We are going to read the data from our 3 files as dataframes.

In [6]:
train_df = pd.read_csv(os.path.join(splits_folder, 'train.csv'))
test_df = pd.read_csv(os.path.join(splits_folder, 'test.csv'))
val_df = pd.read_csv(os.path.join(splits_folder, 'val.csv'))

### Features and Labels
Next we are going to extract features and labels fron the from our dataframes for all the three sets.

In [7]:
# train
train_texts = train_df.text.values
train_labels = train_df.label.values

# test
test_texts = test_df.text.values
test_labels = test_df.label.values

# val
val_texts = val_df.text.values
val_labels = val_df.label.values

In [8]:
train_labels[:2]

array(['not-humour', 'humour'], dtype=object)

### Label encoding

As we can see our labels are strings and we want to convert them to `numbers` so we are going to make use of the `sklearn` LabelEncoder class to encode our labels to numeric.

In [9]:
encoder = LabelEncoder()
encoder.fit(train_labels)

LabelEncoder()

### Transforming Labels
To transform the labels we need to call the `encoder.transform()` on our three sets of labels.

In [10]:
train_labels = encoder.transform(train_labels)
test_labels = encoder.transform(test_labels)
val_label = encoder.transform(val_labels)

In [11]:
train_labels[:2]

array([1, 0])

### Processing the text
We are going to create a `vocabulary` based on our train data using the `Counter` from the `collections` module in the following code cell.

In [12]:
import nltk
nltk.download('punkt')

[nltk_data] Downloading package punkt to /root/nltk_data...
[nltk_data]   Unzipping tokenizers/punkt.zip.


True

In [13]:
counter = Counter()

for sent in train_texts:
  counter.update(word_tokenize(sent))

### Checking the most common `9` words

In [14]:
counter.most_common(9)

[('.', 67724),
 ('the', 67301),
 ('a', 66128),
 ('?', 54788),
 ('to', 48363),
 (',', 37160),
 ("'s", 35868),
 ('you', 34041),
 ('of', 29679)]

### Vocabulary size

In [15]:
vocab_size = len(counter)

In [16]:
vocab_size

86227

### Creating word vectors.


In [17]:
tokenizer = keras.preprocessing.text.Tokenizer(
    num_words = vocab_size
)
tokenizer.fit_on_texts(train_texts)

In [18]:
word_indices = tokenizer.word_index
word_indices_reversed = dict([(v, k) for (k, v) in word_indices.items()])

In [19]:
len(word_indices)

73528

### Helper functions

1. `sequence_to_text`

This helper function will convert a sequence of integers to a sequence of text.

2. `text_to_sequence`

This helper function will convert the sequence of text to sequence of integers.


In [20]:
def sequence_to_text(sequences):
    return " ".join(word_indices_reversed[i] for i in sequences)
    
def text_to_sequence(sent):
  words = word_tokenize(sent.lower())
  sequences = []
  for word in words:
    try:
      sequences.append(word_indices[word])
    except:
      sequences.append(0)
  return sequences

### Loading pretrainned vectors
We are going to load the `Glove.6B.100d` word vectors that was uploaded in the google drive as a `txt` file.


In [21]:
embedding_path = "/content/drive/MyDrive/NLP Data/glove.6B/glove.6B.100d.txt"

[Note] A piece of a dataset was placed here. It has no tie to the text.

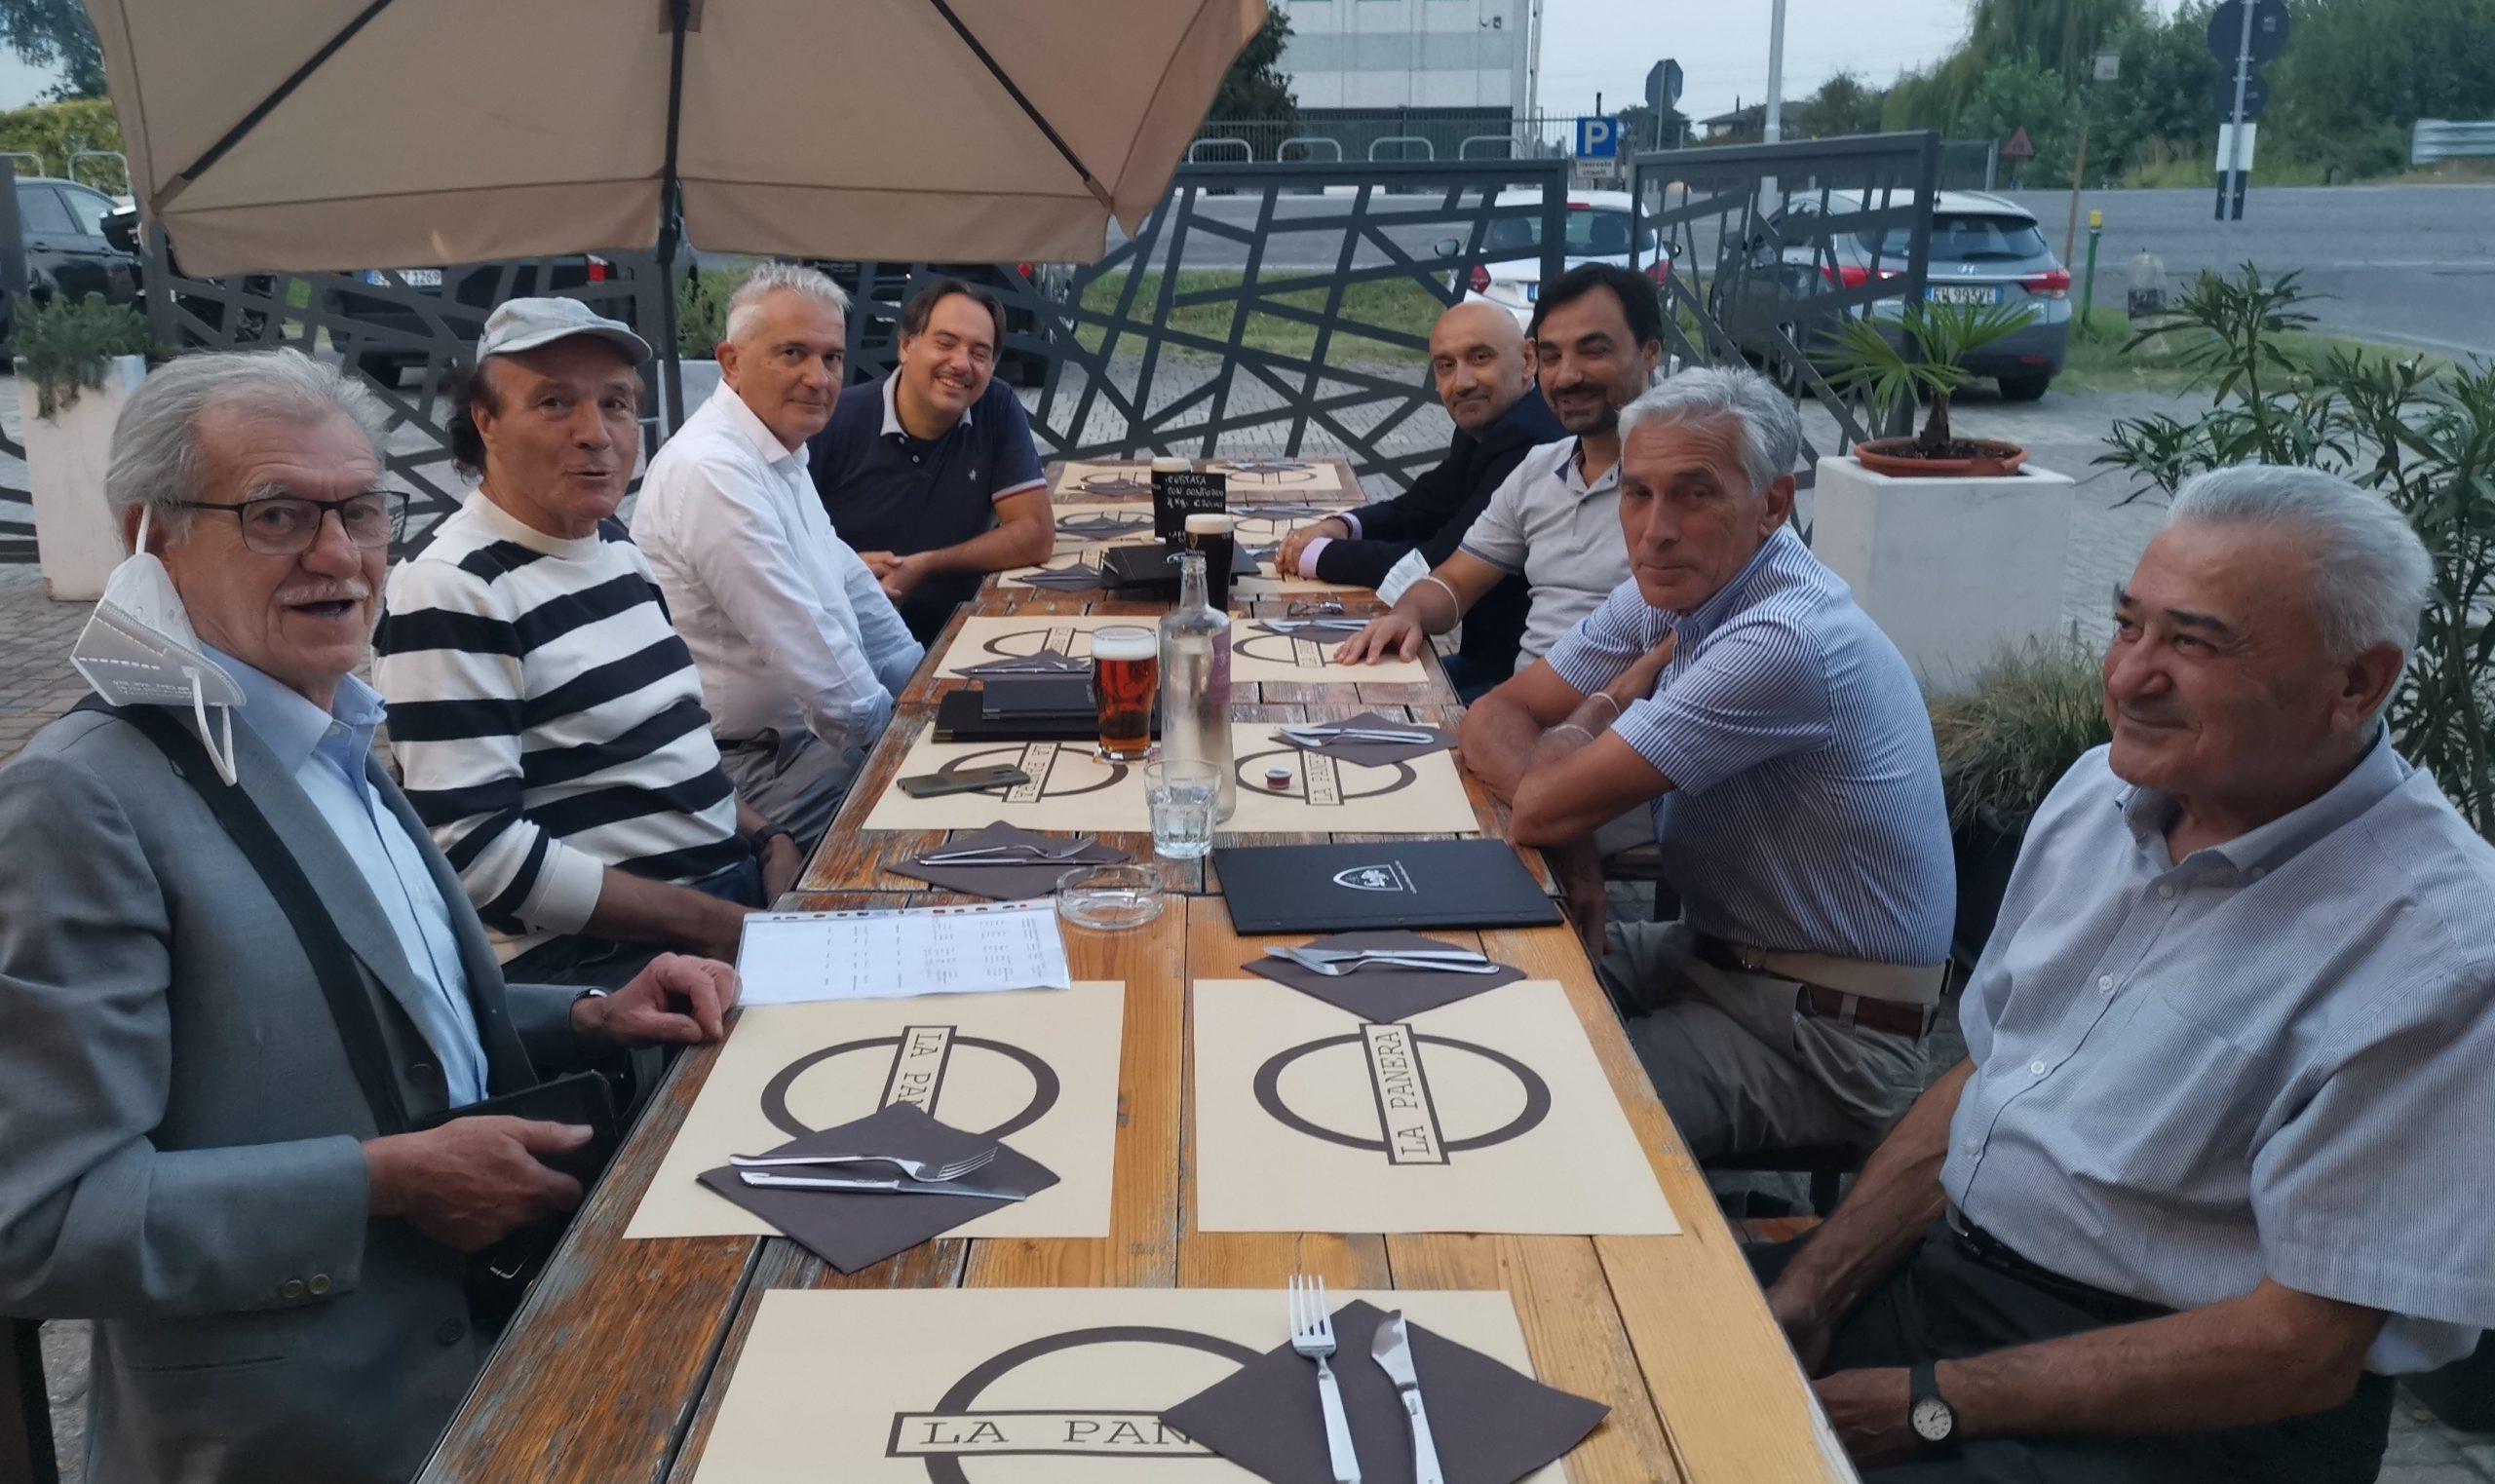 Sabato sera alla pizzeria Panera di Madignano, incontro di lavoro della comunità socialista

assert os.path.exists(embedding_path) == True, "The path does not exists"

In [22]:
embeddings_dictionary = dict()
with open(embedding_path, encoding='utf8') as glove_file:
  for line in glove_file:
    records = line.split()
    word  = records[0]
    vectors = np.asarray(records[1:], dtype='float32')
    embeddings_dictionary[word] = vectors

> Creating embedding matrix that suits our data.

In [23]:
embedding_matrix = np.zeros((vocab_size, 100))
for word, index in tokenizer.word_index.items():
  vector = embeddings_dictionary.get(word)
  if vector is not None:
    try:
      embedding_matrix[index] = vector
    except:
      pass

### Creating sequences

In the following code cell we are going to create the sequences on our 3 sets.

In [24]:
train_sequence_tokens = tokenizer.texts_to_sequences(train_texts)
test_sequence_tokens = tokenizer.texts_to_sequences(test_texts)
val_sequence_tokens = tokenizer.texts_to_sequences(val_texts)

In [25]:
sequence_to_text(train_sequence_tokens[1])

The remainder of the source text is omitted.